11 juillet 2006

un début possible

Et je lui ai dit, oh, tu sais quoi ? j’ai vraiment pas envie de t’en parler, parce que de toute façon tu seras avec lui d’ici là, et tous tes discours ne serviront pas à grand-chose à ce moment-là, si ? et elle s’est énervée, comme elle le fait toujours quand j’ai raison, et en l’occurrence elle savait très bien que deux mois c’était long et que les occasions seraient nombreuses, fêtes, fêtes, fêtes de noël, fêtes de fin d’année, fêtes de retour, fêtes de rentrée, et toutes ces conneries, et alors je me suis dit que c’était vraiment inutile d’essayer de lui expliquer quoi que ce soit, puisque chacun devait faire ses propres erreurs pour en apprendre un peu plus, j’avais fait les miennes, je savais à quoi m’en tenir, ce qu’on pouvait raisonnablement espérer et ce qui paraissait franchement incongru.

Elle m’a dévisagé pendant un moment qui a paru durer une seconde mais qui était plus proche d’une minute, puis a ramassé ses affaires et s’en est allée.
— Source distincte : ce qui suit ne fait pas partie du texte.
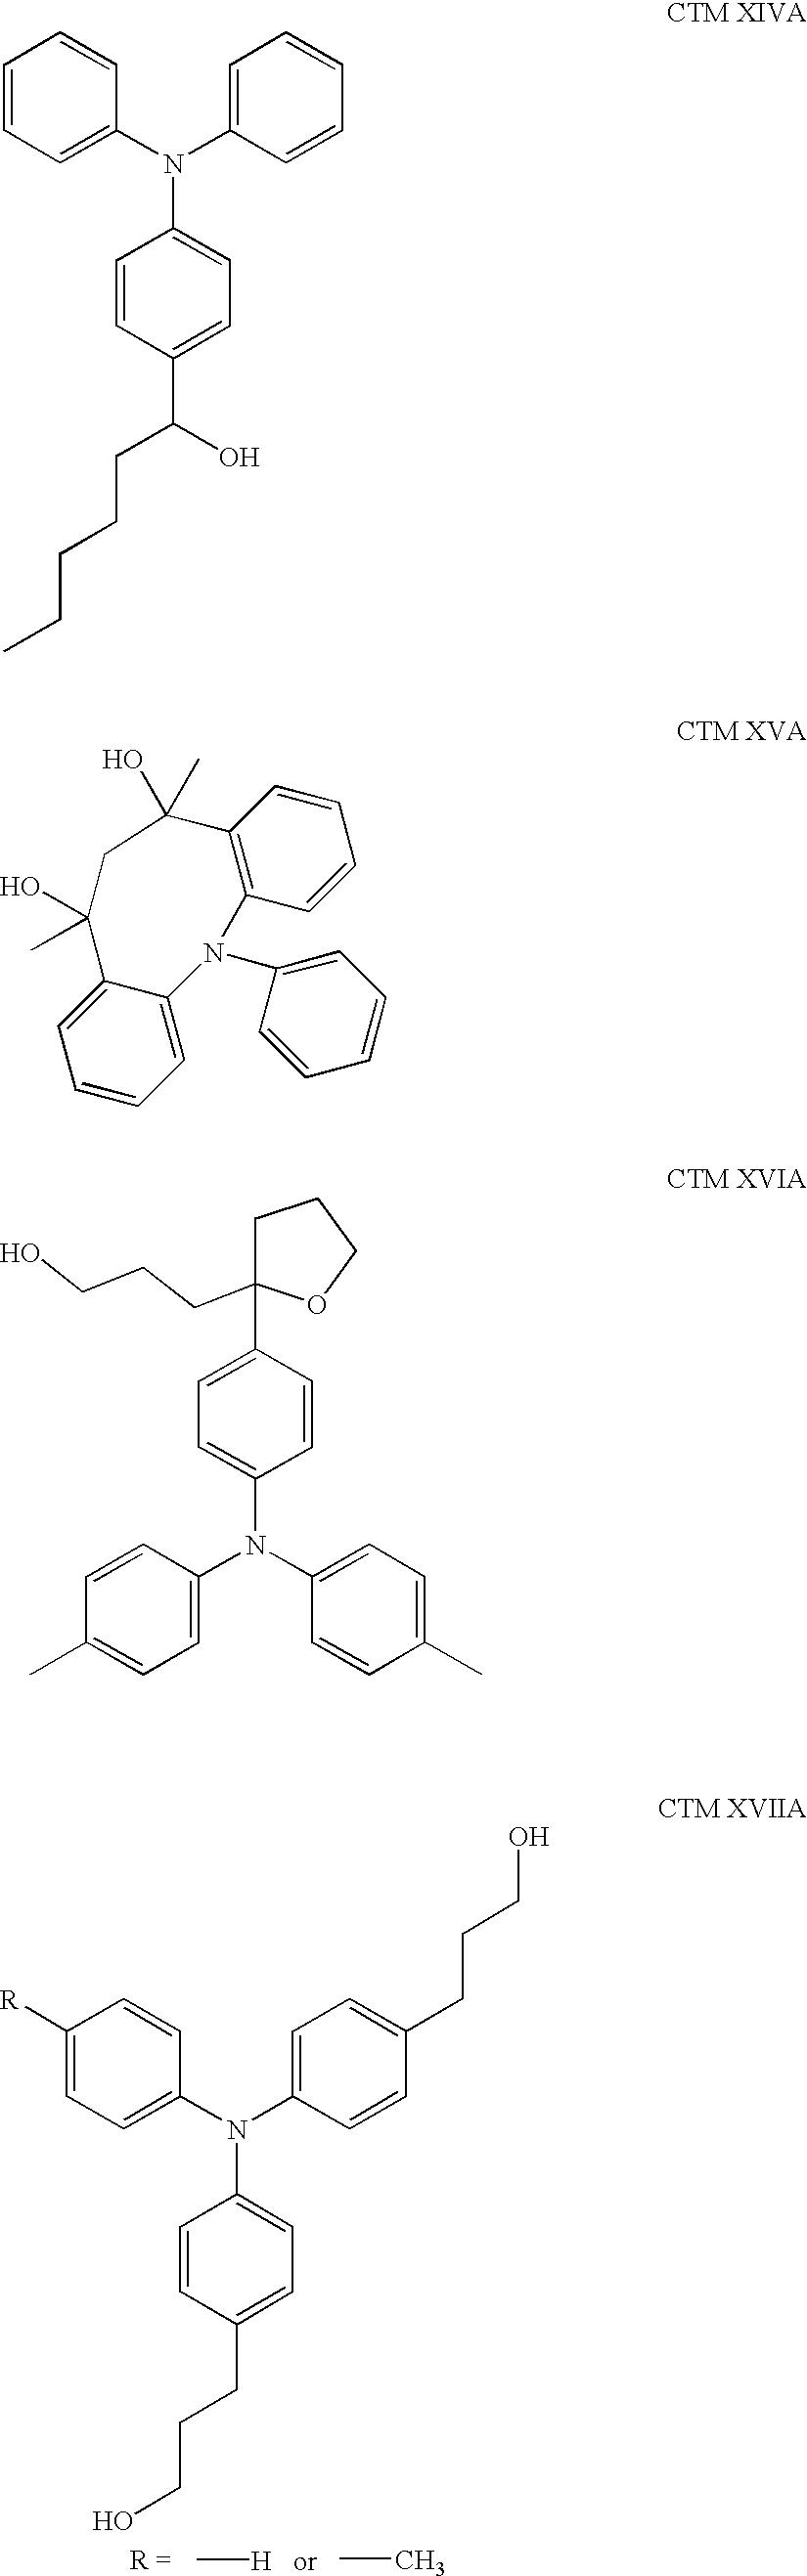 Figure US06517984-20030211-C00005

Je suis resté seul dans le salon déserté, les lumières tamisées et le vin débouché inutilement. Je ne savais pas exactement pourquoi je m’acharnais avec elle ; peut-être de la paresse, peut-être pas. Je ne la connaissais pas depuis si longtemps que cela, et à vrai dire je me foutais pas mal de ce qui pouvait se passer entre elle et son « mec » / « ex » / « je ne sais quoi ». Après avoir entendu quelque chose comme un millier de discours du type : « c’est fini mais je ne sais pas où j’en suis », je m’estimais un peu compétent en la matière, et, ma foi, celles qui ne voulaient pas de mes conseils pouvaient très bien ramasser leurs affaires et s’en aller.

Les jours s’écoulaient avec une rapidité effrayante ; j’ai repris du fromage. Alexandre m’a demandé ce qui n’allait pas : « tempus fugit ». Sourire concerné : « mais sinon, ça va ? » Je lui retournais la question, le faisait parler quelques minutes, mais il ne s’est pas laissé embarquer bien longtemps. A force de choisir des amis attentifs, je me retrouvais à raconter ma vie trois fois par jour car je ne savais pas mentir.
- Comment s’appelle-t-elle ?
- Dis-moi, Alex, comment se fait-il que dix ans après nos vingt ans nous en soyons encore là ? À discuter filles sur une terrasse de café, surtout à savoir que si quelque chose cloche c’est probablement à cause d’une femme ? Je veux dire, le cadre a changé, c’est sûr, c’est un début, on est plus à l’Up, on est au Flore, très bien, mais à part ça ? Elles ont servi à quoi ces dix années si je suis encore là, déballant mes histoires foirées ou foireuses, et toi toujours stable et heureux et épanoui ? Je ne suis pas jaloux, tu le sais, du moins pas de manière négative. Bien sûr je t’envie, mais je suis heureux pour toi. Qu’y a-t-il au juste qui ne va pas chez moi ?

En réalité je pose la question en connaissant parfaitement la réponse. Voilà pourquoi Alex baisse les yeux au moment où je lui demande. Déjà parce qu’il a une petite part de responsabilité dans cette histoire, ensuite parce que ce n’est jamais agréable de répéter cinq ans après le même prénom pour expliquer tant de déboires. Et puis, ce prénom, on en avait un peu marre en plus. On l’aurait même banni de toute conversation si ce brave Alex n’avait pas eu le bon goût d’épouser une fille ayant le même. Le monde est-il petit ou juste mal fait ?

De transitions ratées en reconversions catastrophiques, ma vie avait connu les heurts et déboires les plus classiques depuis mon « Waterloo » sentimental (ou était-ce Austerlitz, l’histoire n’est pas trop mon fort). Une de plus une de moins, aurait-on pu dire. Oui, mais précisément non. J’étais fatigué des essais condamnés d’avance avec des filles aussi effrayées que moi et décidément résolues à ne pas se donner une chance de réussir. « Sex & The City » et autres niaiseries avaient à mon sens fait d’irréparables dégâts sur toute une génération de jeunes femmes – ou plutôt de filles, je l’admets.